On the Spanish island of Gomera, people sometimes encode their speech in whistling to communicate over long distances:

They aren't the only language community to use whistling as an alternate communication channel. Whistled languages have been documented in widely separated parts of the world-- including among the isolated Pirahã tribe of South America (whose language is better known for what it allegedly lacks, namely recursive grammar).

Tuesday, September 20, 2011

Sea apple

This is a type of sea cucumber popular in the aquarium trade; I spotted it in a tropical fish/aquarium supply store.

Monday, September 19, 2011

Oolite

These are microscopic sections of a sedimentary rock containing spherical grains called ooids-- which are formed of concentric layers like pearls.

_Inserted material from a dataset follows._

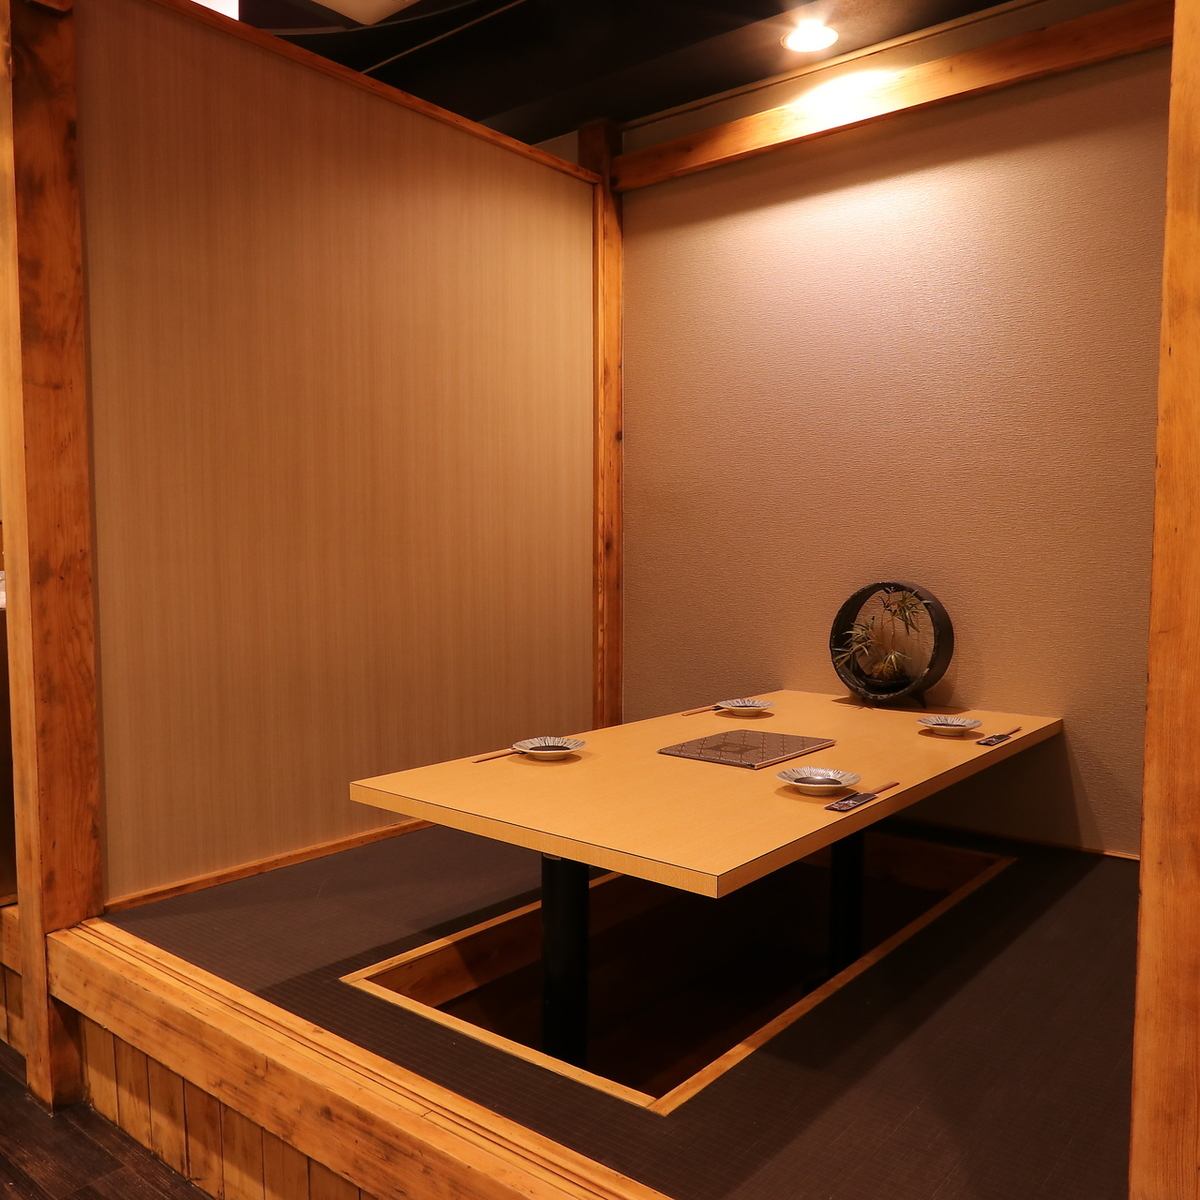 The interior of the store has a calm atmosphere with sunken kotatsu seating.

Thursday, September 15, 2011

Dinofeathers in amber

An amazing find from Alberta, Canada:
Feathers believed to be from dinosaurs have been found beautifully preserved in Alberta amber.
The primitive, hair-like feathers known as protofeathers likely belonged to theropods — dinosaurs similar to tiny Tyrannosaurus rexes — that roamed the swampy forests of Alberta 80 million years ago, said Alexander P. Wolfe, a University of Alberta earth sciences professor who co-authored the research published Thursday in Science.
...The feathers are preserved down to the pigments that show what colour they are and microscopic details of their structure.
Based on the fact that the protofeathers were just single filaments or clumps of filaments, just two centimetres long, the researchers concluded "these had nothing to do with flight," Wolfe said.
Instead, he believes they were used to keep the dinosaurs warm.
Another of the Canadian specimens. Image source.

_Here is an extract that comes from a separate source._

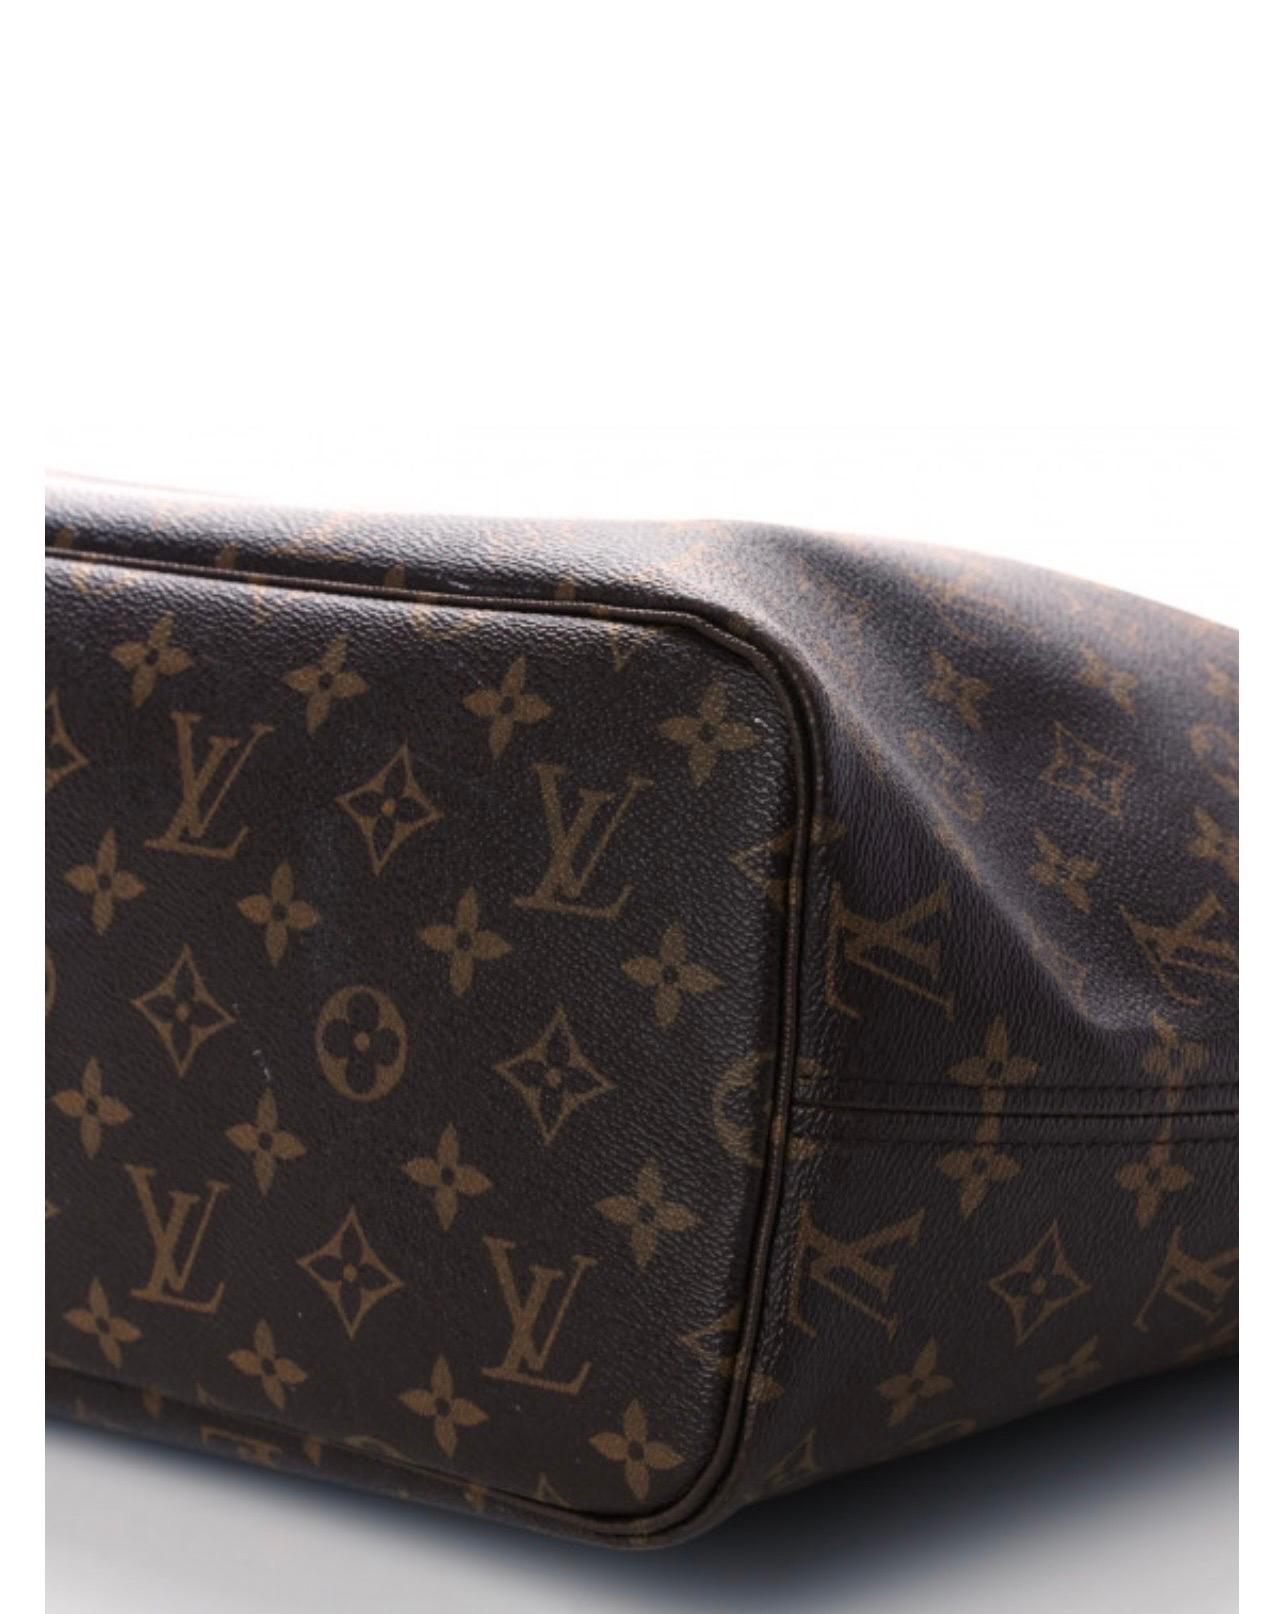 Brown and tan monogram coated canvas Louis Vuitton Neverfull MM with brass hardware, dual flat shoulder straps, tan Vachetta leather trim, drawstring accents at sides, tonal striped canvas lining, single zip pocket at interior wall and clasp closure

Saturday, September 10, 2011

Lake sharks of Triassic Kyrgyzstan

Several 230-million-year-old teeth and egg capsules uncovered at a fossil site in southwestern Kyrgyzstan suggest hundreds of young sharks once congregated in a shallow lake, a new study says.
Called hybodontids, the animals were likely bottom feeders, like modern-day nurse sharks.
Mothers would've attached their eggs to horsetails and other marshy plants along the lakeshore. Once born, the Triassic-era babies would've had their pick from a rich food supply of tiny invertebrates, while dense vegetation offered protection from predators.
Image (showing a beautiful fossil egg case) and information from National Geographic.

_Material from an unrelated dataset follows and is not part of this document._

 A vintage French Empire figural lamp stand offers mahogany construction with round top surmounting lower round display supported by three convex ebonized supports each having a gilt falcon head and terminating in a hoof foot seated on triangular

Thursday, September 8, 2011

Eoandromeda octobrachiata

Near the roots of the tree of life, we find a living spiral:
A 580-million-year-old fossil is casting doubt on the established tree of animal life. The invertebrate, named Eoandromeda octobrachiata because its body plan resembles the spiral galaxy Andromeda, suggests that the earliest branches in the tree need to be reordered, say the authors of study in Evolution and Development.
The researchers, led by paleontologist Feng Tang of the Chinese Academy of Geological Sciences in Beijing, believe that Eoandromeda is the ancient ancestor of modern ocean dwellers known as comb jellies — gelatinous creatures similar to jellyfish, but rounder and with eight rows of iridescent paddles along their sides. If they are right, it would be the oldest known fossil of a comb jelly. And that would support a rewrite of the animal tree. 
From Nature, via The Book of Barely Imagined Beings.

Tuesday, September 6, 2011

Ammolite


This colorful, rare gemstone comes from the fossil shells of prehistoric ammonites. Sometimes there are found whole shells composed of ammolite.